Андрей Иванович Тентетников
Первый, с кем встречается читатель второго тома поэмы, – «коптитель неба» Тентетников. Из текста известно, что он в отставке, потому что «Федор Федорович Леницын, начальник одного из отделений, помещавшихся в великолепных залах, вдруг ему не понравился». Дядя героя настаивал: «Ради самого Христа! Помилуй, Андрей Иванович, что это ты делаешь? Оставлять так выгодно начатый карьер из-за того только, что попался не такой, как хочется, начальник! Помилуй! Что ты? Что ты? Ведь если на это глядеть, тогда и в службе никто бы не остался. Образумься! Отринь гордость, самолюбье, поезжай и объяснись с ним!» [VII, с. 17]. Не помирился Тентетников и с генералом Бетрищевым. Герою показалось, «что он стал к нему холоднее, не замечал его, или обращался как с лицом бессловесным; говорил ему как-то пренебрежительно: любезнейший, послушай, братец, и даже ты» [VII, с. 25].

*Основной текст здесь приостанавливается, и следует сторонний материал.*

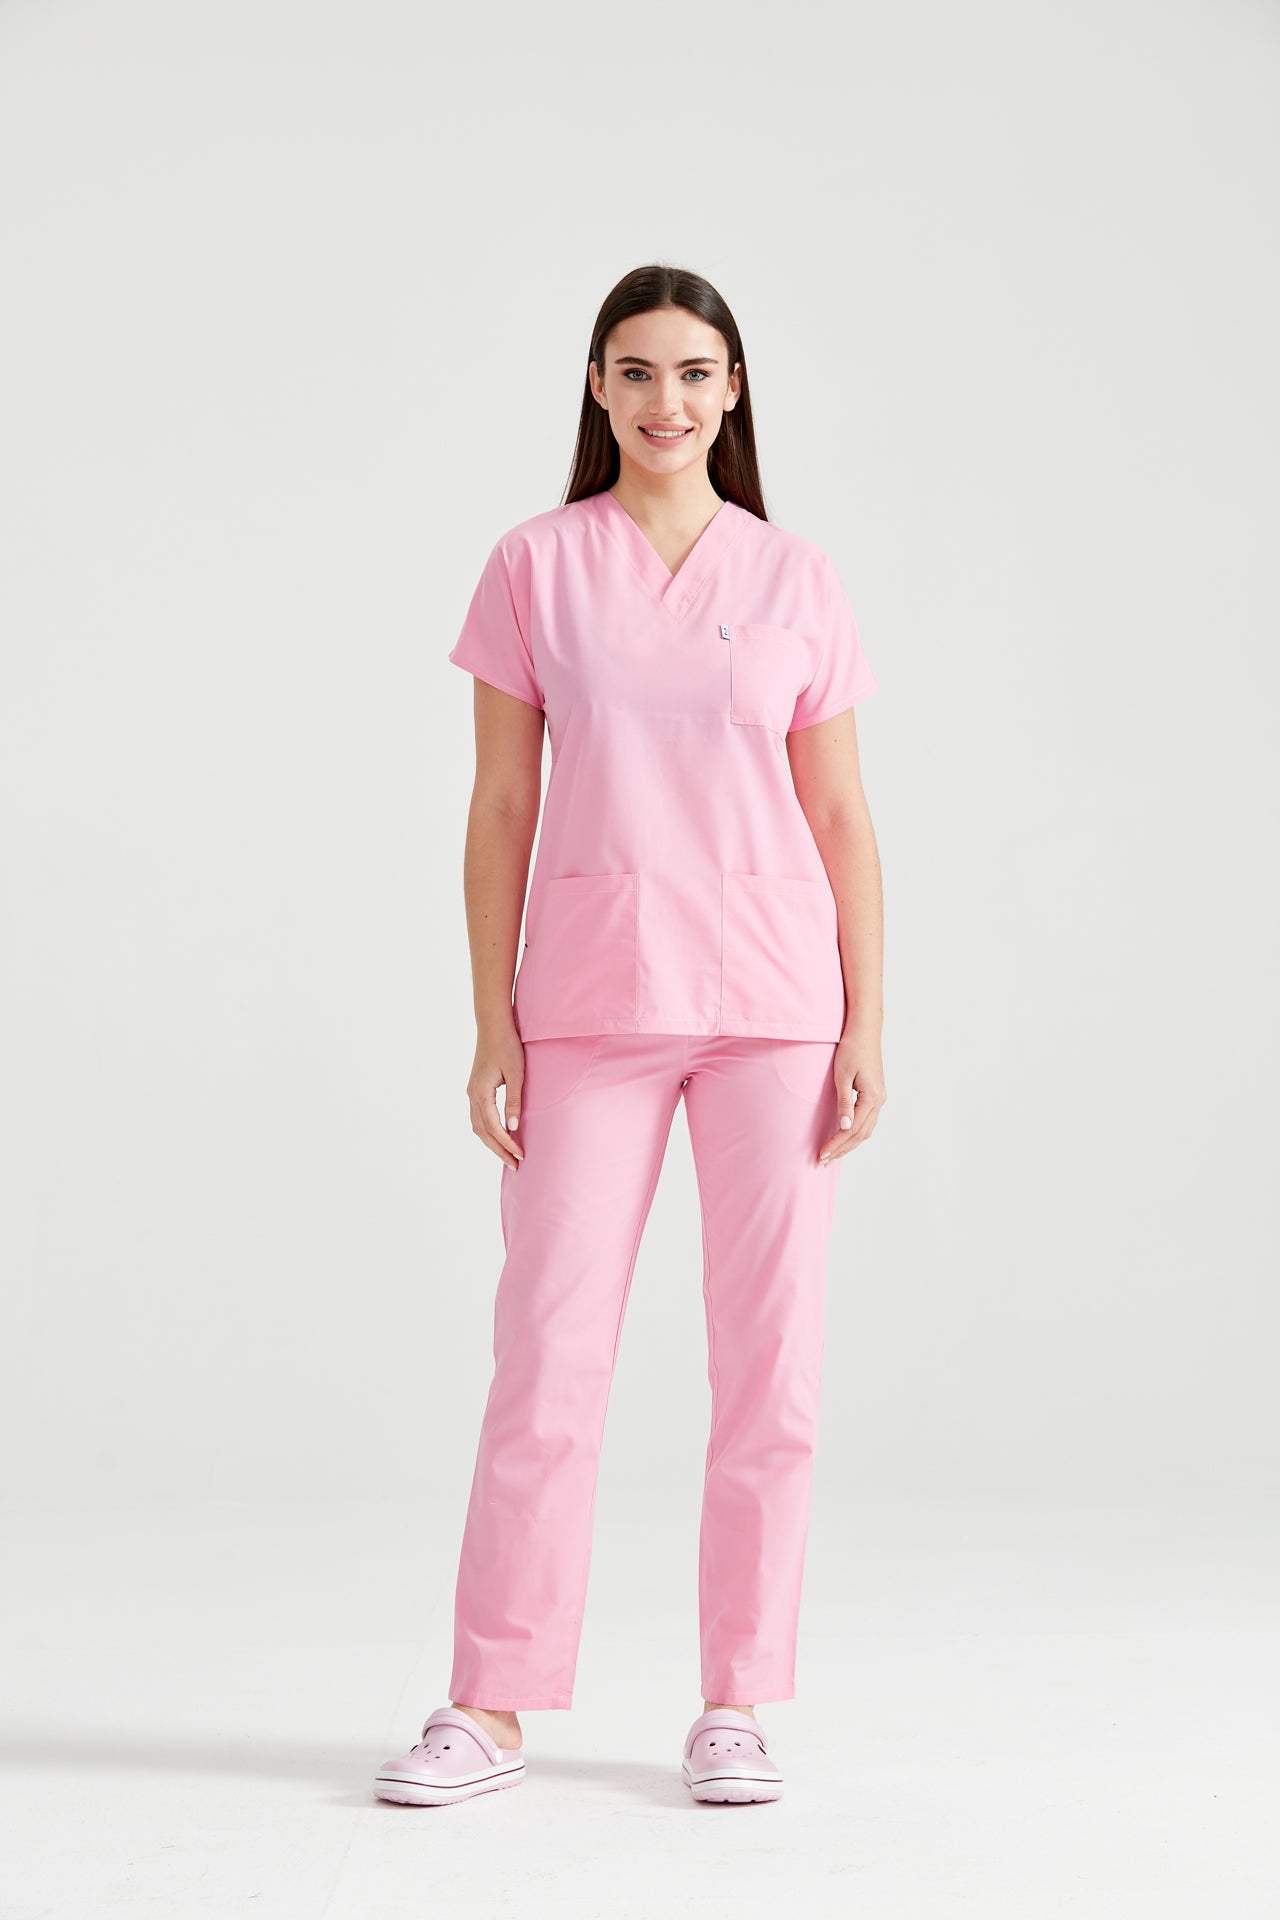 Asistenta medicala imbracata in costum roz Baby Pink, vedere din picioare

Гордыня обрекает жизнь скучающего Тентетникова на духовный упадок. «Разумеется, – пишет Гоголь, – с этих пор знакомство между ними прекратилось, и любовь кончилась при самом начале. Потухнул свет, на минуту было блеснувший, и последовавшие за ним сумерки стали еще сумрачней (выделено нами. – Н. С.). Всё поворотило на жизнь, которую читатель видел в начале главы, – на лежанье и бездействие» [VII, с. 25]. Читая «Лествицу», убеждаемся: «Гордость есть крайнее убожество души, которая мечтает о себе, что богата, и, находясь во тьме, думает, что она во свете. Сия скверная страсть не только не дает нам преуспевать, но и с высоты низвергает» [7, с. 265]. Совпадениями отмечены также символические образы света–темноты, которые присутствуют в обеих репликах. Вспомним благоденствие Иова и Божье одобрение посредством света: «…Когда светильник Его светил над головою моею, и я при свете Его ходил среди тьмы…» [Иов 29:3].
Генерал Бетрищев
Тщеславие генерала Бетрищева – главный недостаток самолюбивого помещика: «Он не любил всех, которые ушли вперед его по службе, и выражался о них едко, в колких эпиграммах… любил блеснуть и любил также знать то, чего другие не знают, и не любил тех людей, которые знают что-нибудь такое, чего он не знает. Словом, он любил немного похвастать умом» [VII, с. 38]. Иоанн Синайский пишет: «Тщеславие по виду своему есть изменение естества, развращение нравов, наблюдение укоризн. По качеству же оно есть расточение трудов, потеря потов, похититель душевного сокровища, исчадие неверия, предтеча гордости…» [7, с. 250], объясняя, что эта страсть – начальная стадия всепожирающей гордыни и источник гнева.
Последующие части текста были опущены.